Con Aquila e Priscilla entriamo a vele spiegate nel Nuovo Testamento, prima ancora della redazione dei Vangeli, nel periodo iniziale di storia della Chiesa della seconda metà del I secolo, ovvero nella fase paolina, un periodo fondante, per tante ragioni:

- la formazione delle prime comunità nel bacino del Mediterraneo e in Asia;

- la definizione della prima ecclesiologia;

- il lento, ma già evidente e travagliato distacco dalla tradizione giudaica (Concilio di Gerusalemme del 49 d.C.)

- i primi contrasti sul piano teologico che porteranno al periodo (lungo alcuni secoli) delle grandi eresie.

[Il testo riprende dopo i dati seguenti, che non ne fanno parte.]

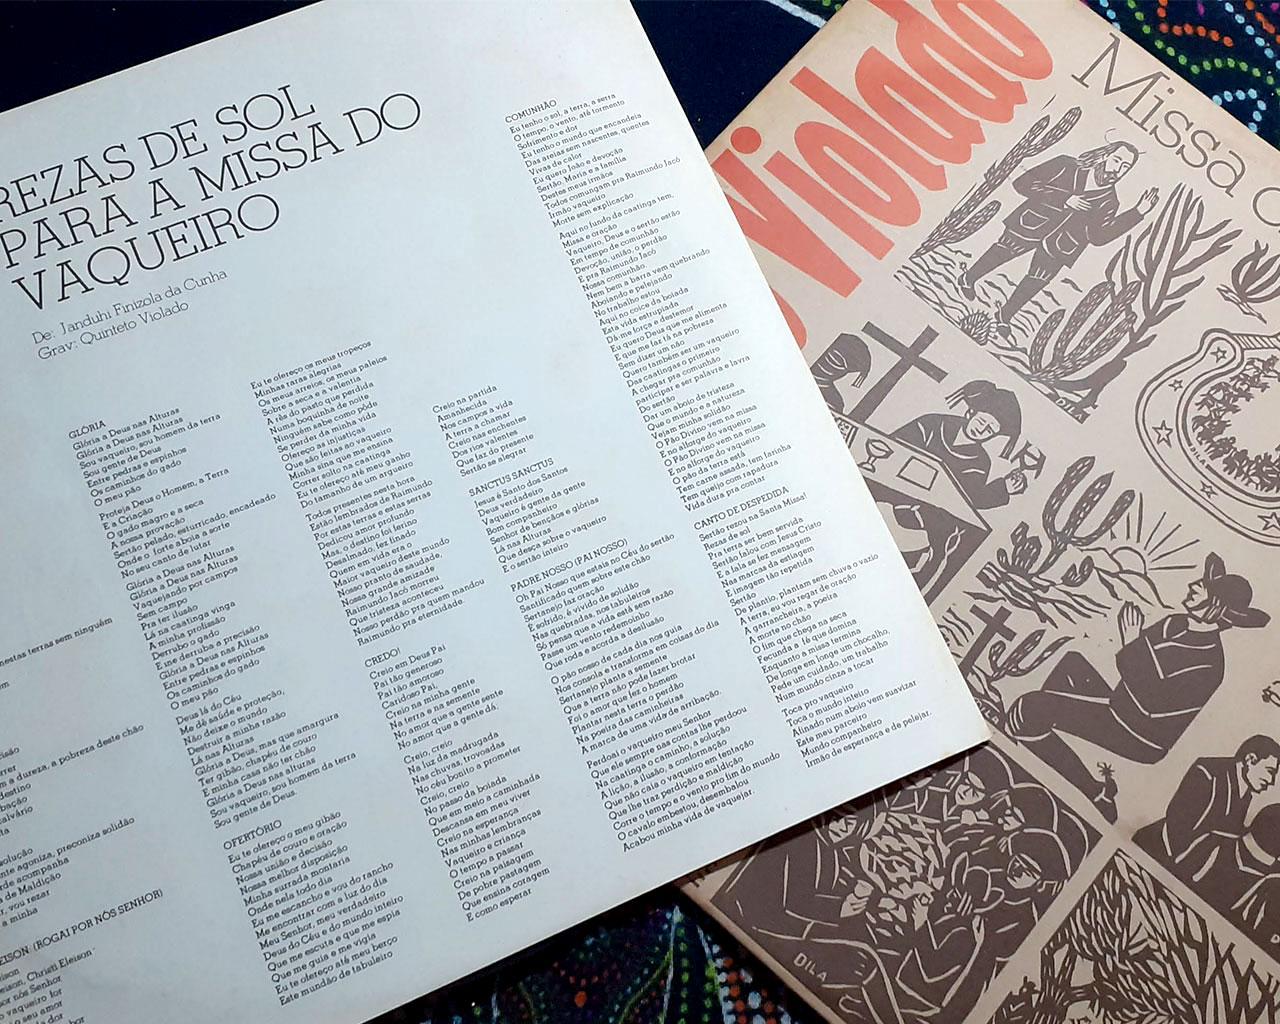 LP Quinteto Violado A Missa do Vaqueiro 1976 ótimo estado

Ma chi erano questi due sposi cristiani che portavano un nome latino? Aquila, il marito, proveniva dal Ponto (odierna Turchia) ed era di origine giudaica. Priscilla (diminutivo di Prisca, che significava “delle più antiche età”, appartenente ad una gens romana piuttosto in vista), forse anch’essa giudea di origine, era di Roma, ma non è certo neppure questo dato, perché era comune, ai quei tempi, dare nomi latini ai propri figli anche se non nati a Roma.

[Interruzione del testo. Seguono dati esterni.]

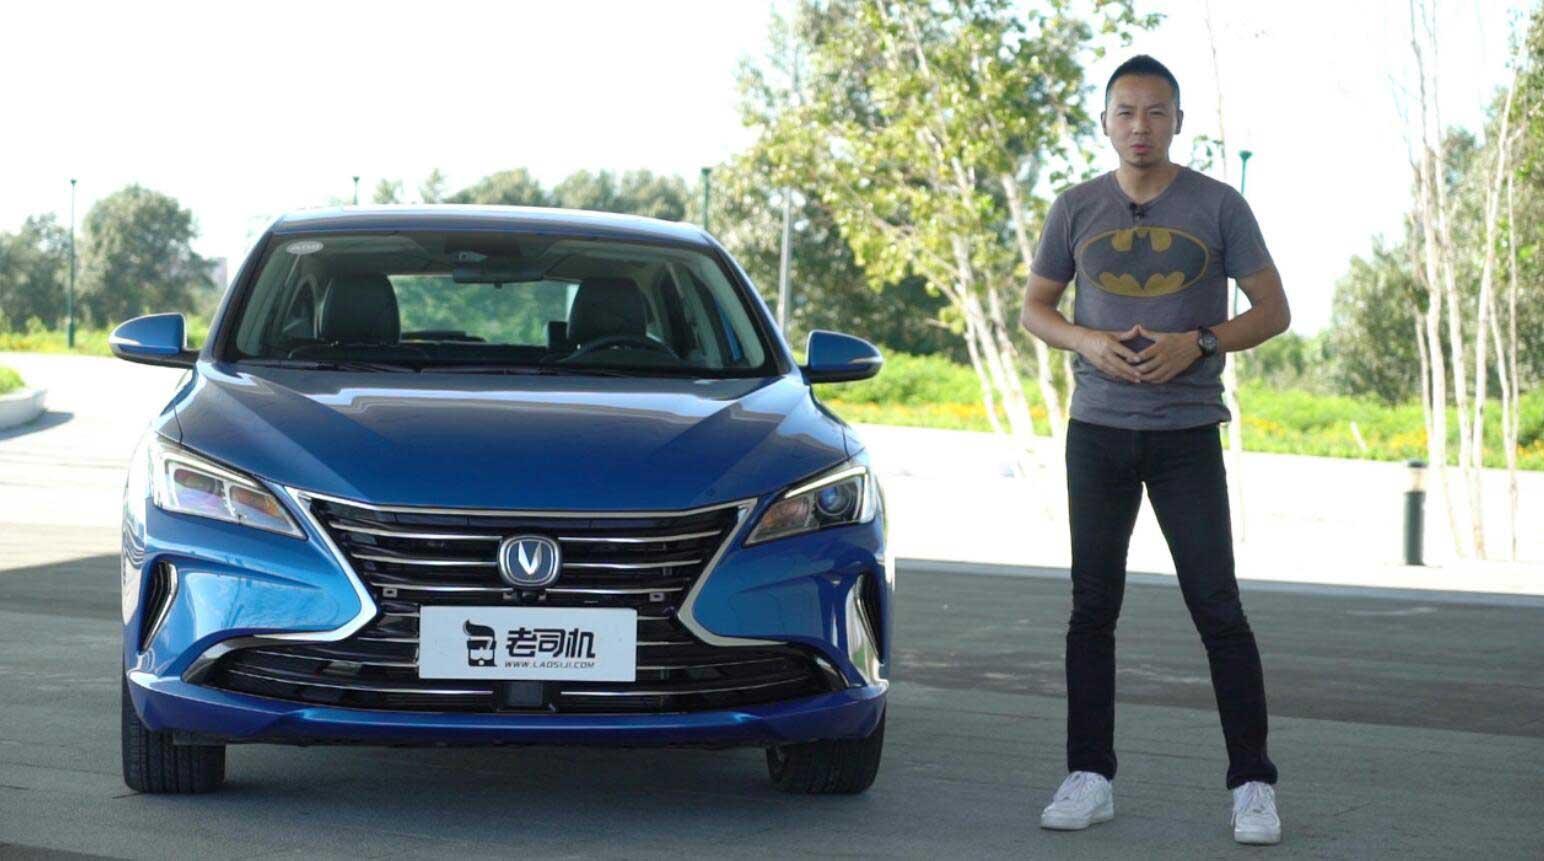 老司机试车:胡正阳试驾长安逸动XT,同级别为数不多的最新换代产品

Li ritroviamo più volte citati nel N.T. Questi testi si possono raggruppare in due serie: la prima, quella dei testi paolini (1 Cor 16.19; Rm 16,3-5ª, 2Tim 4,19) e la seconda, quella dei testi lucani, (in Atti 18, 1-3,18,26).

Paolo li incontra a Corinto dove i due si erano rifugiati, cacciati da Roma dal provvedimento dell’imperatore Claudio, nel 49, che prevedeva l’allontanamento di tutti i giudei e i giudeo-cristiani, in seguito a disordini da loro provocati. Poiché gli espulsi erano classificati come facinorosi o attivisti, per Aquila e Priscilla, vale forse il secondo ruolo. Erano infatti mercanti piuttosto agiati, fabbricanti di tende con operai al loro servizio.

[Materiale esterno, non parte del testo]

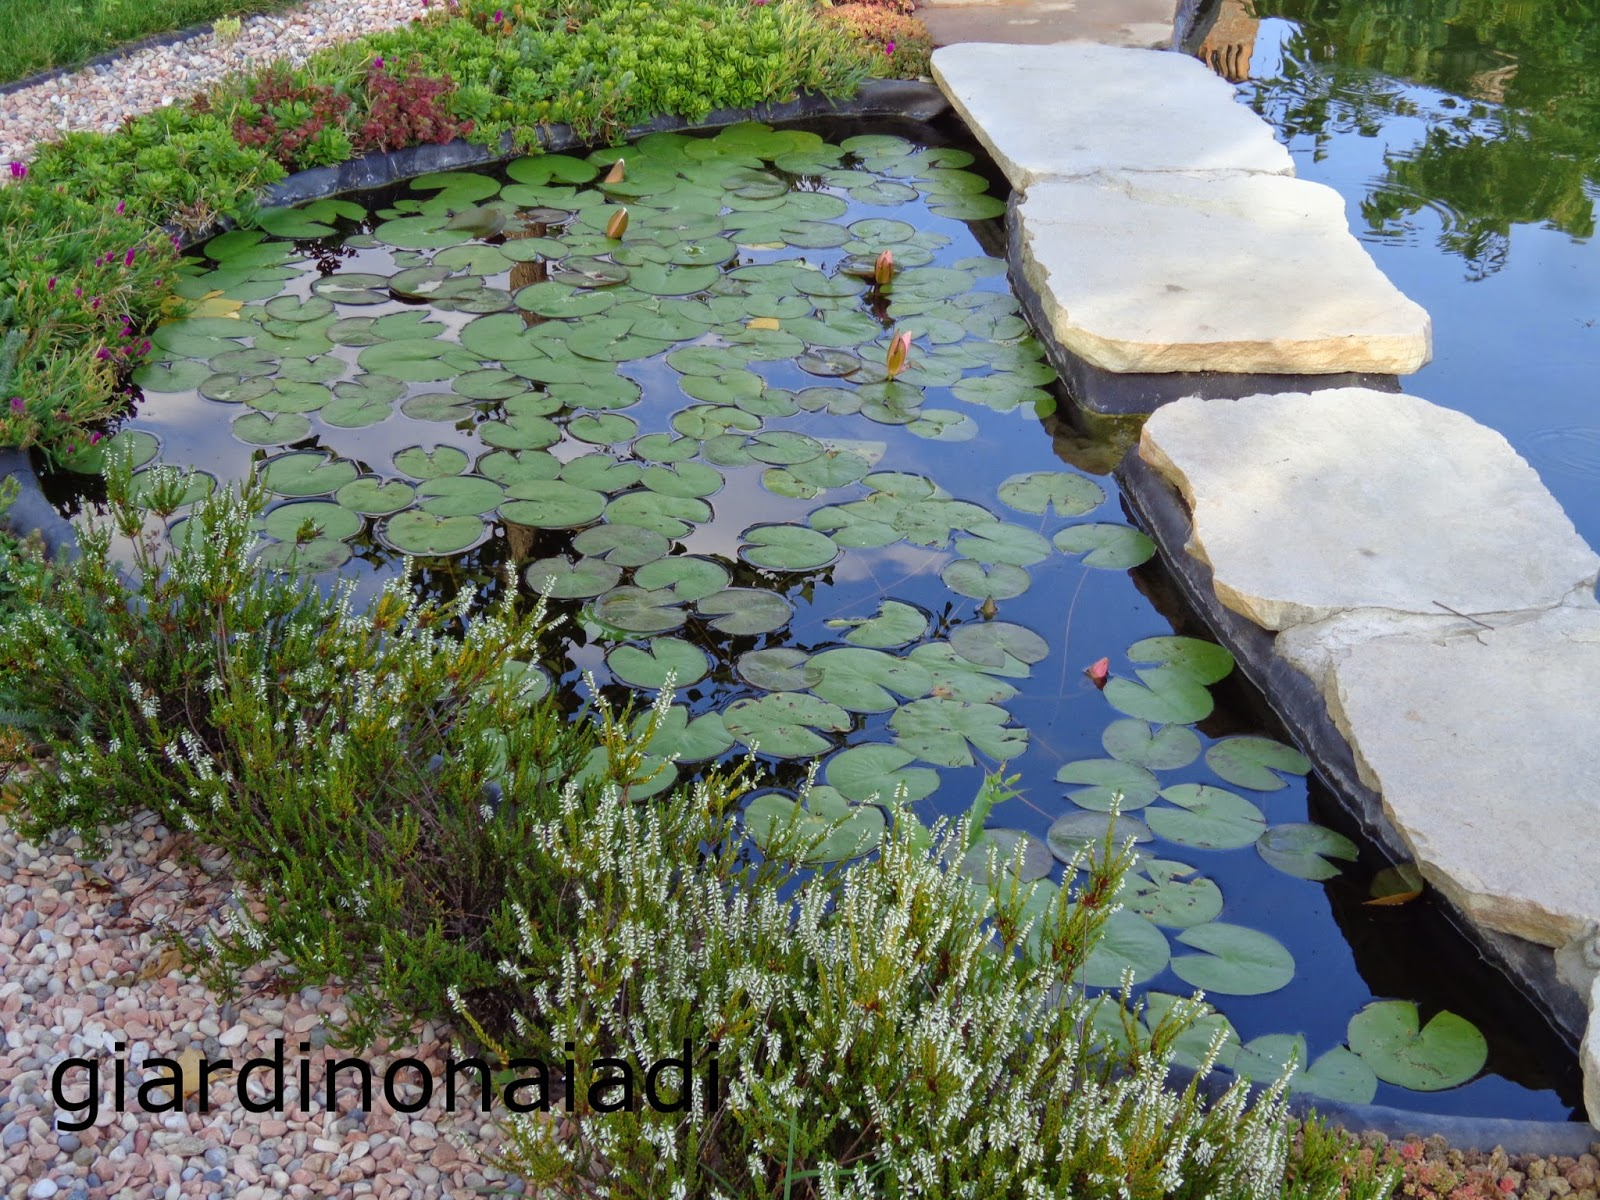 Il giardino delle naiadi filtrazione naturale e tecnica for Laghetto naturale

Dunque, Paolo li conosce casualmente, viene da loro ospitato, e li aiuterà nel lavoro come artigiano tessile. Anche a Corinto i due vivevano in una casa grande, tanto che potevano ospitare, sembra, dalle trenta alle cinquanta persone: ecco la famosa Chiesa domestica! Paolo li considera “sunergòi”, ovvero collaboratori nell’opera di evangelizzazione e non sottoposti: diversi i ministeri, ma pari dignità “Siamo, infatti, collaboratori di Dio” (I Cor. 1,39).

La loro è una diakonìa, ma anche ministero specifico dei laici: Aquila e Priscilla si caratterizzano come una coppia al servizio dell'accoglienza e della Parola e dei missionari itineranti. Distaccati da tutto, senza tetto né famiglia, i missionari vengono accolti nelle case dei fratelli nella fede.

Paolo ne è un esempio; reduce dalla umiliante esperienza di Atene – dove, nell’Areopàgo, viene zittito nel momento in cui parla di resurrezione dei corpi e quindi allontanato – ha bisogno di ritrovarsi con fratelli nella fede per riprendere il suo cammino di apostolo.

Trasferitisi nella più vivace e aperta Efeso, i tre continuano nel loro ministero, che comprendeva l’annuncio e l’interpretazione della Parola: si pensi, ad esempio, a un certo Apollo, neo convertito che viene affidato alle cure dei due sposi per essere meglio indirizzato sul piano dottrinale (Apollo era un giudeo-cristiano che si era però fermato alla predicazione di Giovanni il Battista).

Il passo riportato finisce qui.